В нем есть оттенок возрастной усталости тела, двадцать лет делавшего множество мелочей, которые не хотело делать, плоский кислый запах легкой измотанности, и еще оттенок чеснока или лука, и табака, и двадцать лет выпивки придали привкус перманентной гнили запаху, исходящему от стенок желудка, и даже толика кариеса, легчайший оттенок гниющих зубов, почти приятный (ведь нам следует признать, собратья-американцы, есть среди нас и тайные выродки, которым нравится зубная гниль за ее тонкий, почти возвышенный чистый гнилостный запах, ведь часто ли нос оказывается вблизи живого нерва?), но даже со всеми этими недостатками, усталостью, выпивкой, Ник О’Тином, чесноком и кариесом, это все же хорошее дыхание, от него веет мускулистостью и большим, счастливым мужчиной с чистой, ничем не пахнущей белой американской плотью…

В одном этом впечатлении сконденсированы целая жизнь и целый образ жизни, но в то же время, как показывает нам замечание Д. Дж. в скобках, это не просто вопрос какого-то полезного и уместного символизма, а скорее способ подобраться поближе к американскому читателю, тело к телу, с наслаждением называя своими именами те вещи, которые были подавлены дезодорированной культурой, используя отвращение, как социальное, так и личное, чтобы оживить притупленную чувствительность читателя к состоянию организма среди компьютеров. То есть то, что выглядело как личная одержимость и произвольный чувственный символизм, оказывается скрытым политическим комментарием по поводу самого американского образа жизни, а также новым, более прямым и возмутительным способом достучаться до читателей, сформированных этим образом жизни.

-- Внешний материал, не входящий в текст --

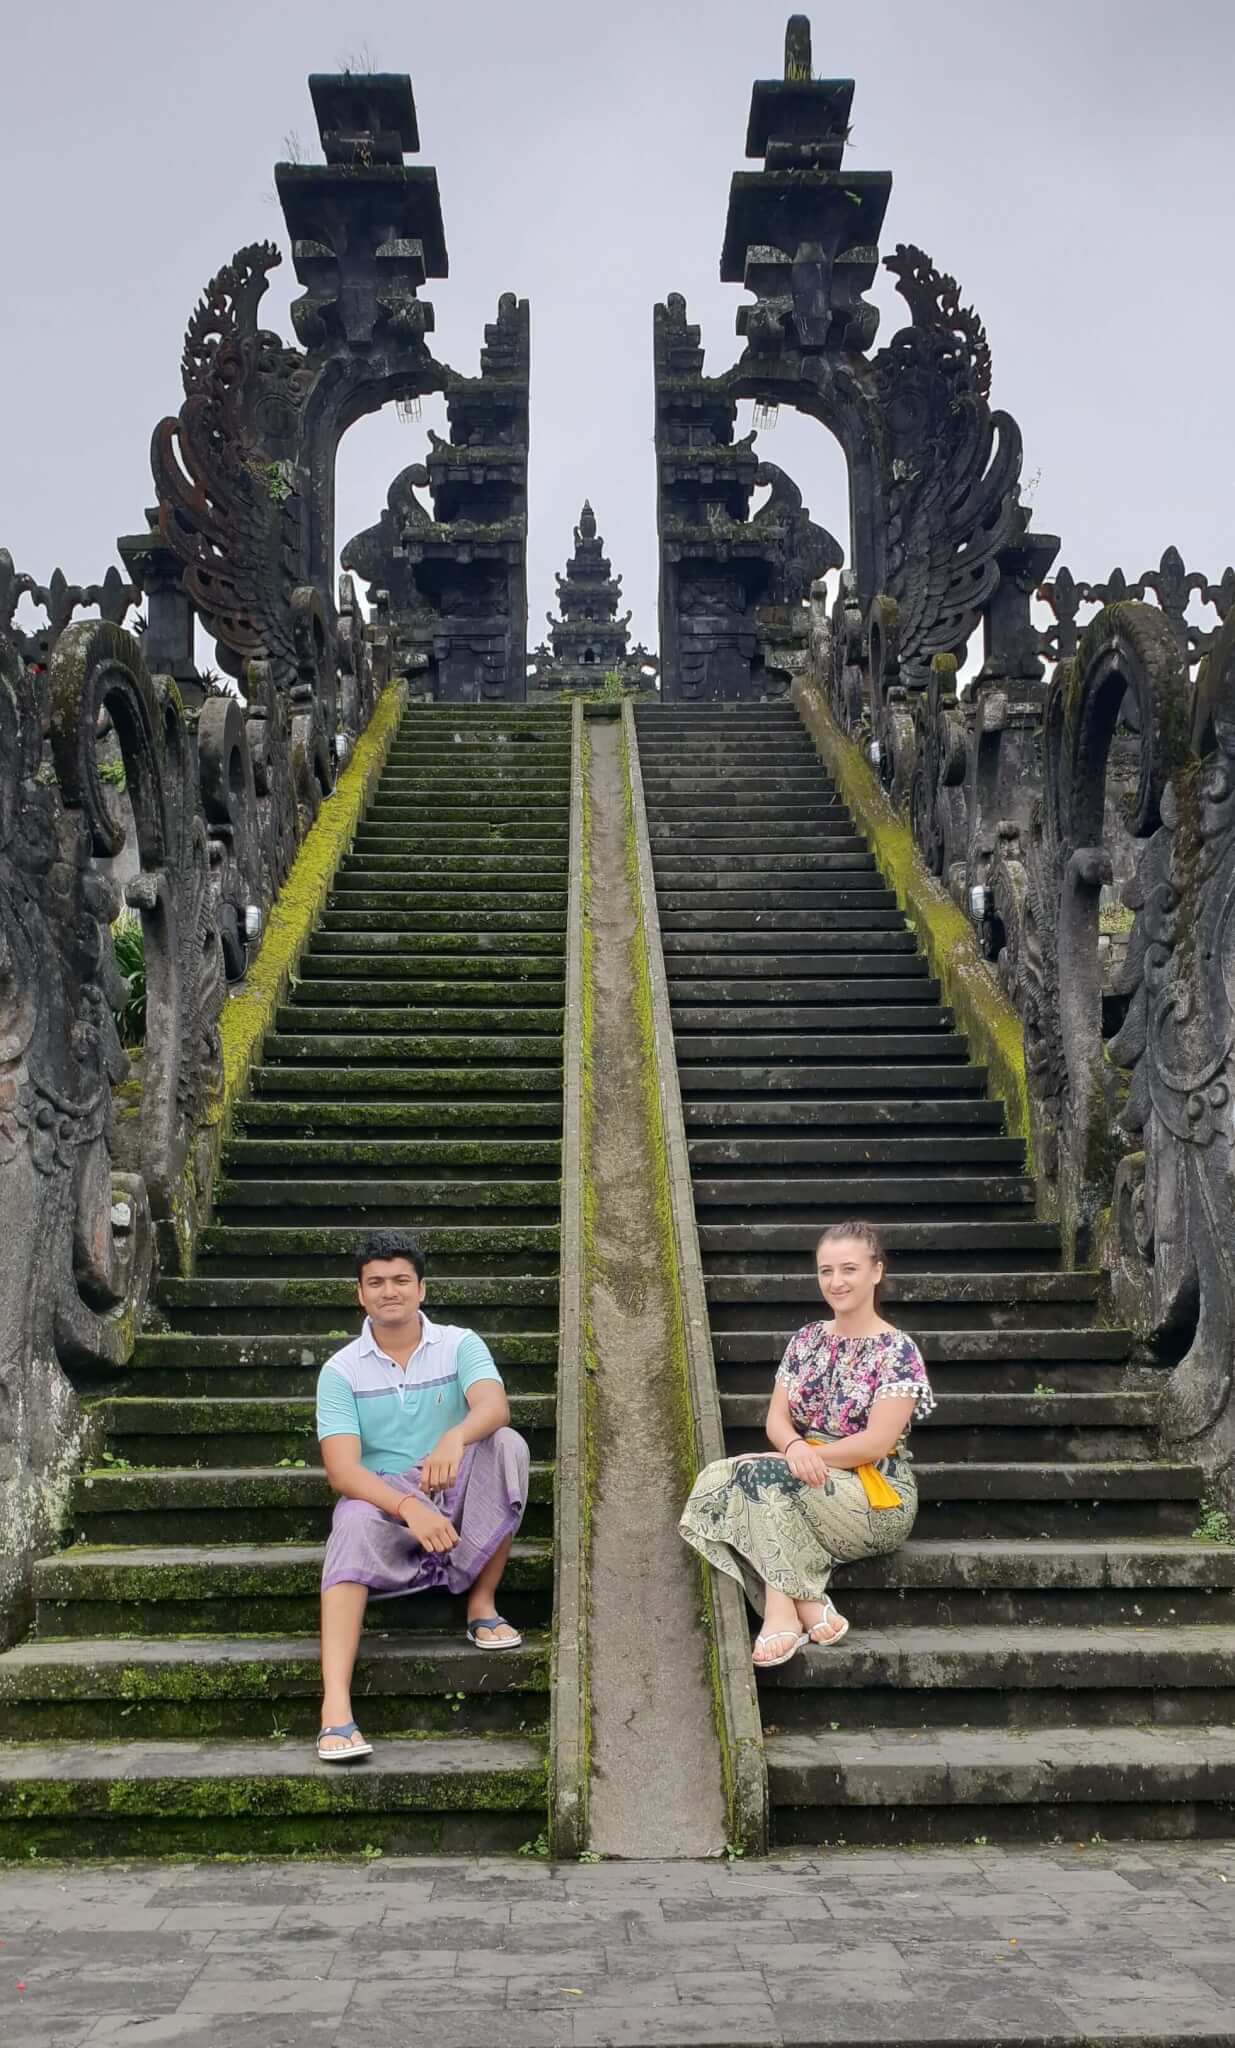 The temple has flights of stairs leading to brick gateways that in turn lead to the main spire structure, also called the Pura Penataran Agung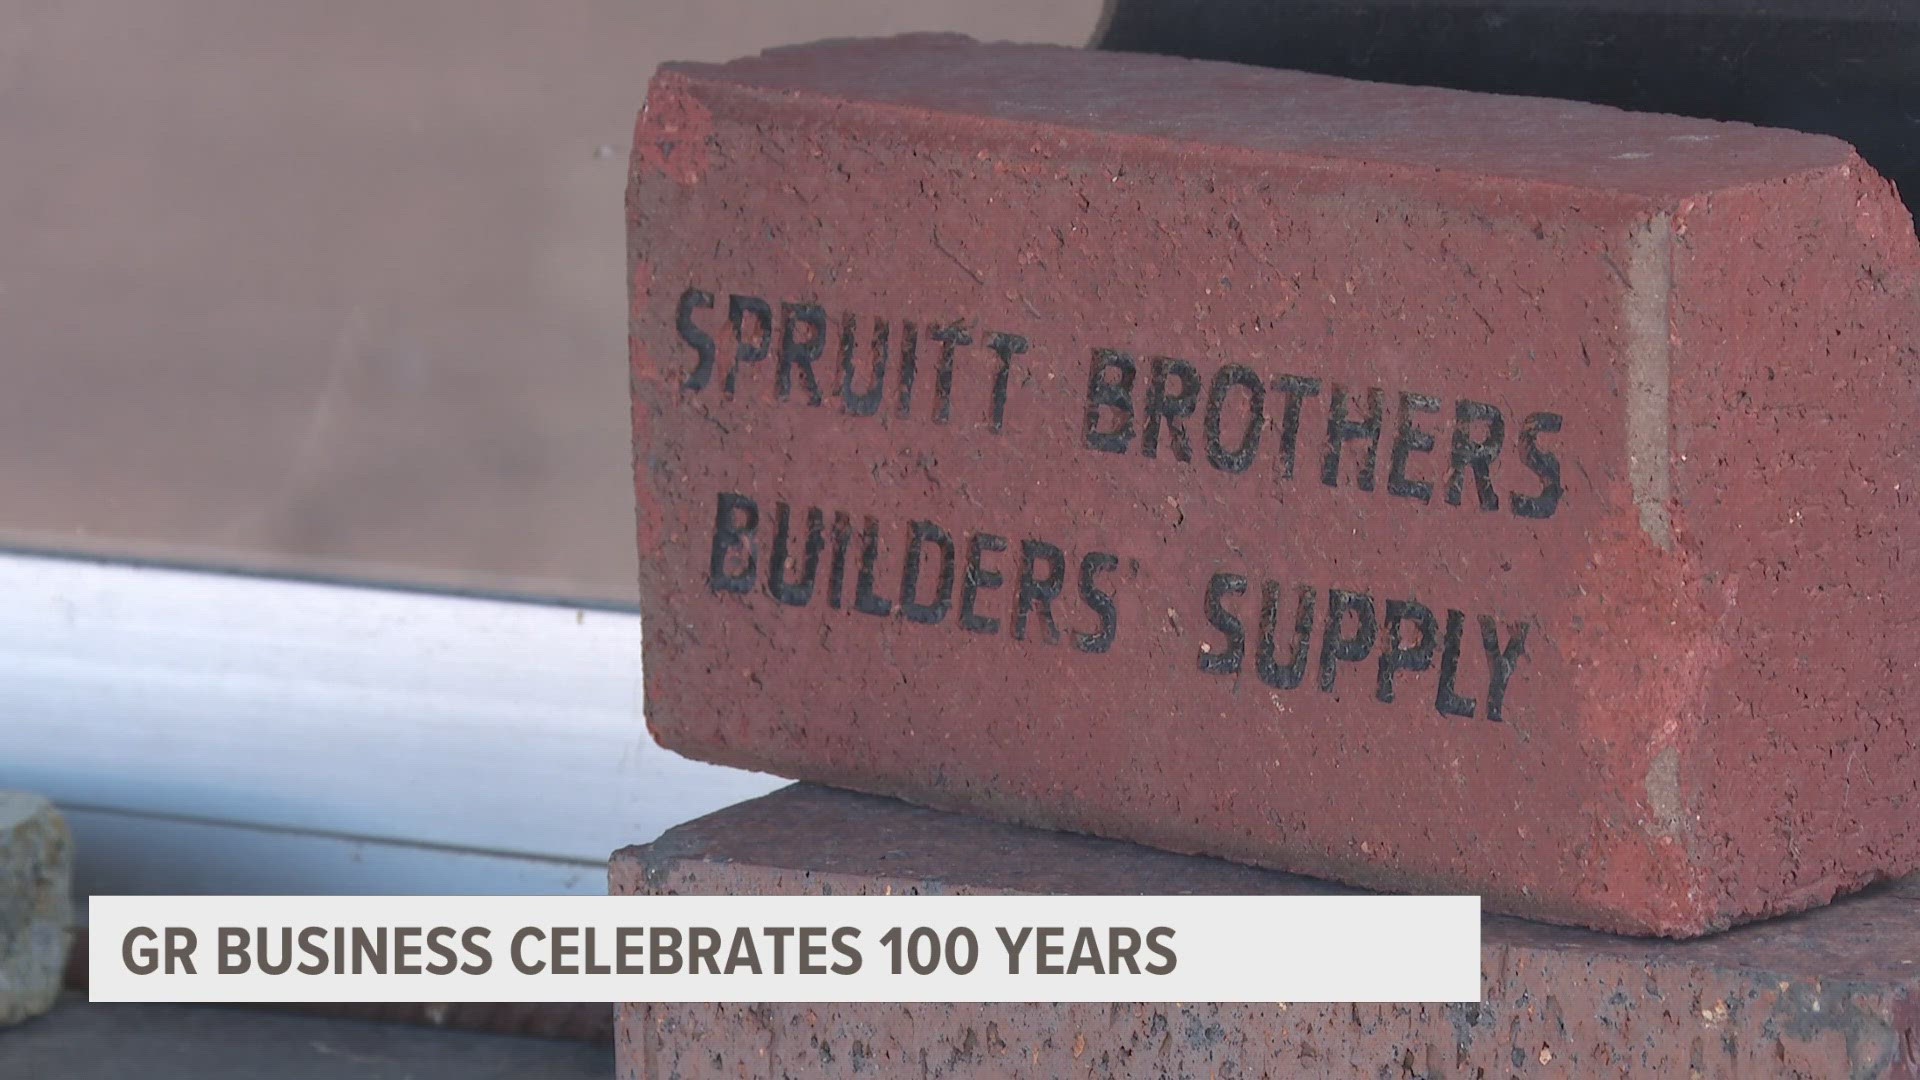 The family owned business is celebrating 100 years.

Этот физиологический символизм довершается обширной теологией и представлением о природе жизни и вселенной в целом. Чем дальше, тем больше для Мейлера сутью Природы является безумие, ярость и невыразимая ненависть, насилие и жажда мести, скованные и усугубленные нашим сущностным бессилием: таково послание, передаваемое, что характерно, дыханием мертвого волка:

…просто мертвый воздух из мертвых внутренностей, но хриплое дыхание, все утомление волка, сломя голову несшегося в лес, и жизни, бегущей прочь от него, безумное дыхание, дичайший запах, что-то гнилостное со дна бочки, как вонь чего-то нелюбимого, запах щенячьего дерьма, дикий как дикий чеснок, противный, но проникающий вглубь до самых кишок вещей, можно было почуять гнев в сердце этого волка (опять обложался! Я убью их!), гнев вроде горящей электропроводки, как будто ему случалось уже отрывать кусок плоти от другого куска, и теперь будет скучать по этому ощущению, будет тосковать по глубокому погружению в это чувство освобождения, когда плоть вырывается из плоти…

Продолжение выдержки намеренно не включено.